Where Are the Flying Cars? Calvin Rants About Overhyped Future Technology

Why is this IndustryTrends Hype meme funny?

Level 1: Where’s My Robot Butler?

Imagine you’ve been told that when you grow up, everything will be awesome like in your favorite sci-fi movie. You hear that in the future, you’ll have a flying car to soar over traffic, and a robot butler to do all your chores. You get super excited thinking, “I won’t have to clean my room or take out the trash ever again!” Fast forward to that “future” – you wake up on your big day expecting to see a cool robot and a car that flies… but nothing changed. You still have the same old car and yep, you still have to clean your room yourself. You’d feel pretty disappointed, right? Maybe even a little angry, like “C’mon, where’s all the cool stuff I was promised?!”

That’s exactly how Calvin feels in this comic. He’s basically a kid yelling, “It’s the future already! How come it’s just like now, but with none of the fun sci-fi gadgets?!” He even humorously complains that we “still have weather,” like he expected technology to control even the rain and snow. It’s a funny exaggeration of feeling let down. We laugh because we know his expectations were way too high – of course we can’t stop the weather or hand everyone a rocket pack! Calvin’s tantrum is like when a kid expects a super amazing gift and gets something ordinary instead. The humor comes from that big gap between what he imagined (a magical future with flying cars and no bad weather) and reality (things pretty much stayed the same). It’s a playful reminder that real life doesn’t usually change overnight, no matter how much we wish it would, and that can be both frustrating and comical when you think about it.

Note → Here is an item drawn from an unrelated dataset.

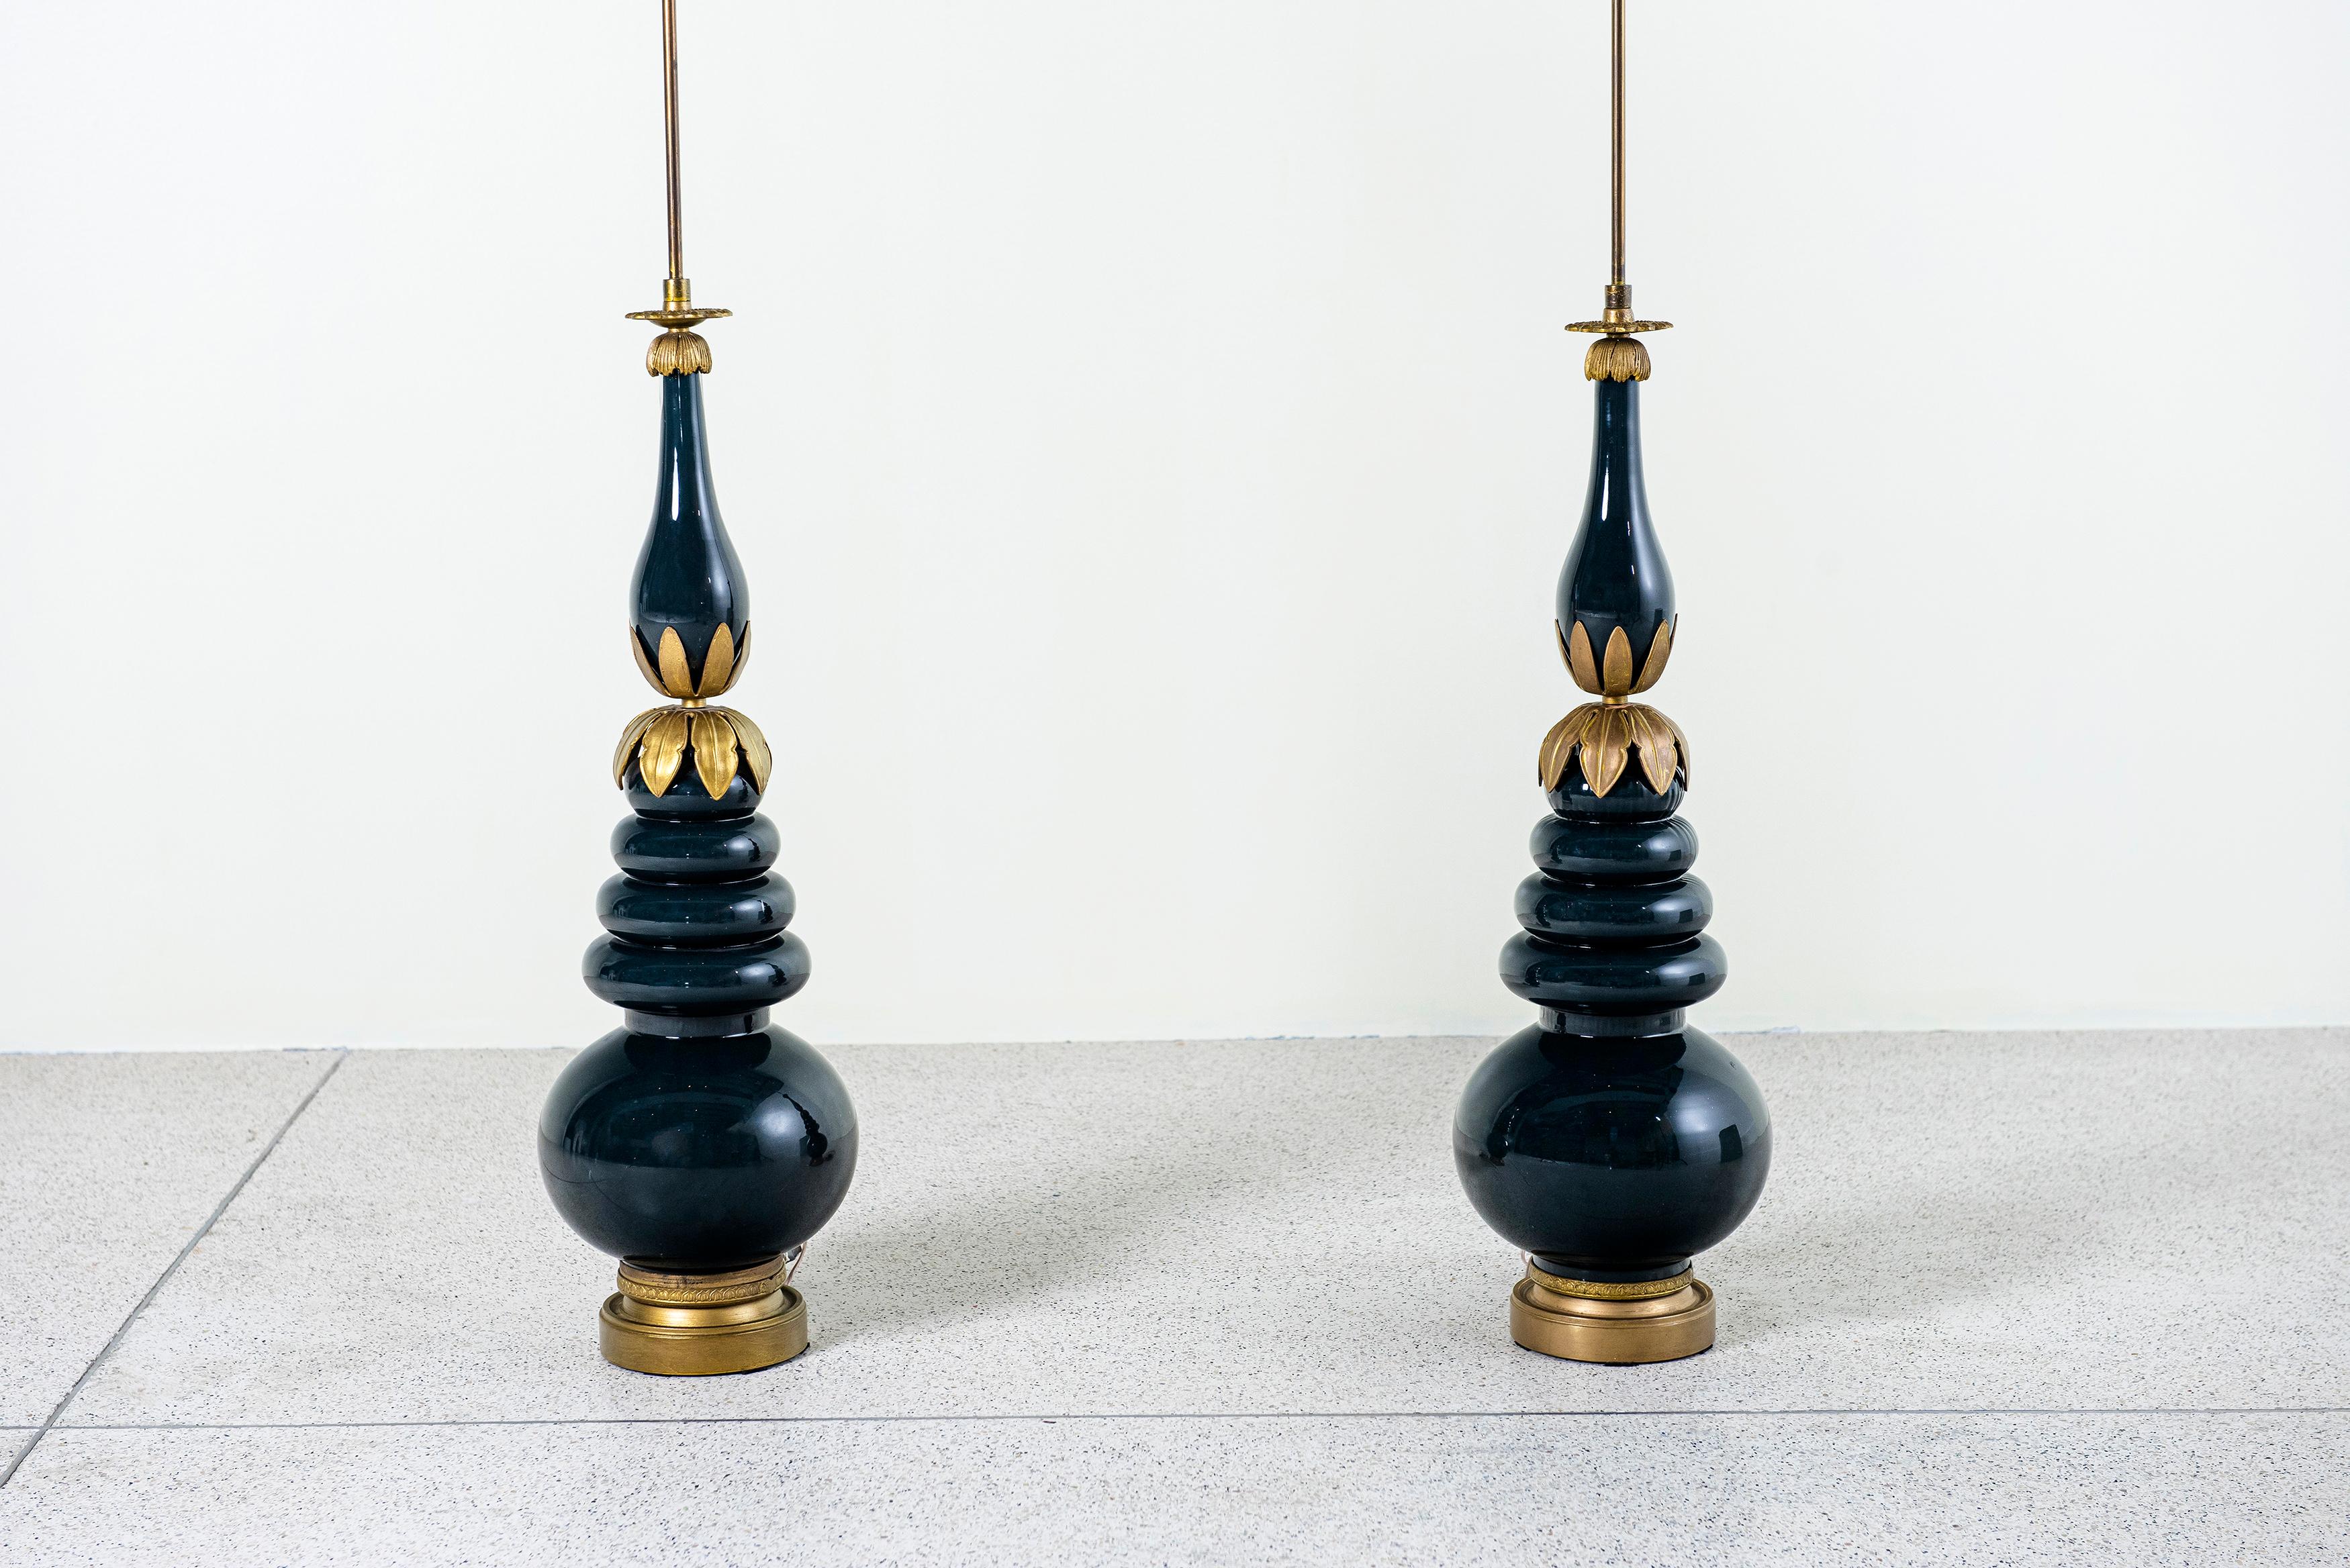 Pair of Bronze and Glass Table Lamps Attributed to Maison Jansen, France, circa 1940-1950.
         

Level 2: Future Hype, Present Reality

This comic strip is a direct Calvin and Hobbes reference – a famous cartoon by Bill Watterson about a young boy (Calvin) and his stuffed tiger Hobbes. In Calvin’s mind, Hobbes is alive and often the voice of reason. Here, Calvin is super frustrated that the “future” didn’t bring all the awesome inventions he’d been expecting. Hobbes mentions a new decade is coming up (in the strip’s original context, the 1990s were about to begin), and Calvin basically says, “Big deal!” because he’s upset that life in the future still looks ordinary.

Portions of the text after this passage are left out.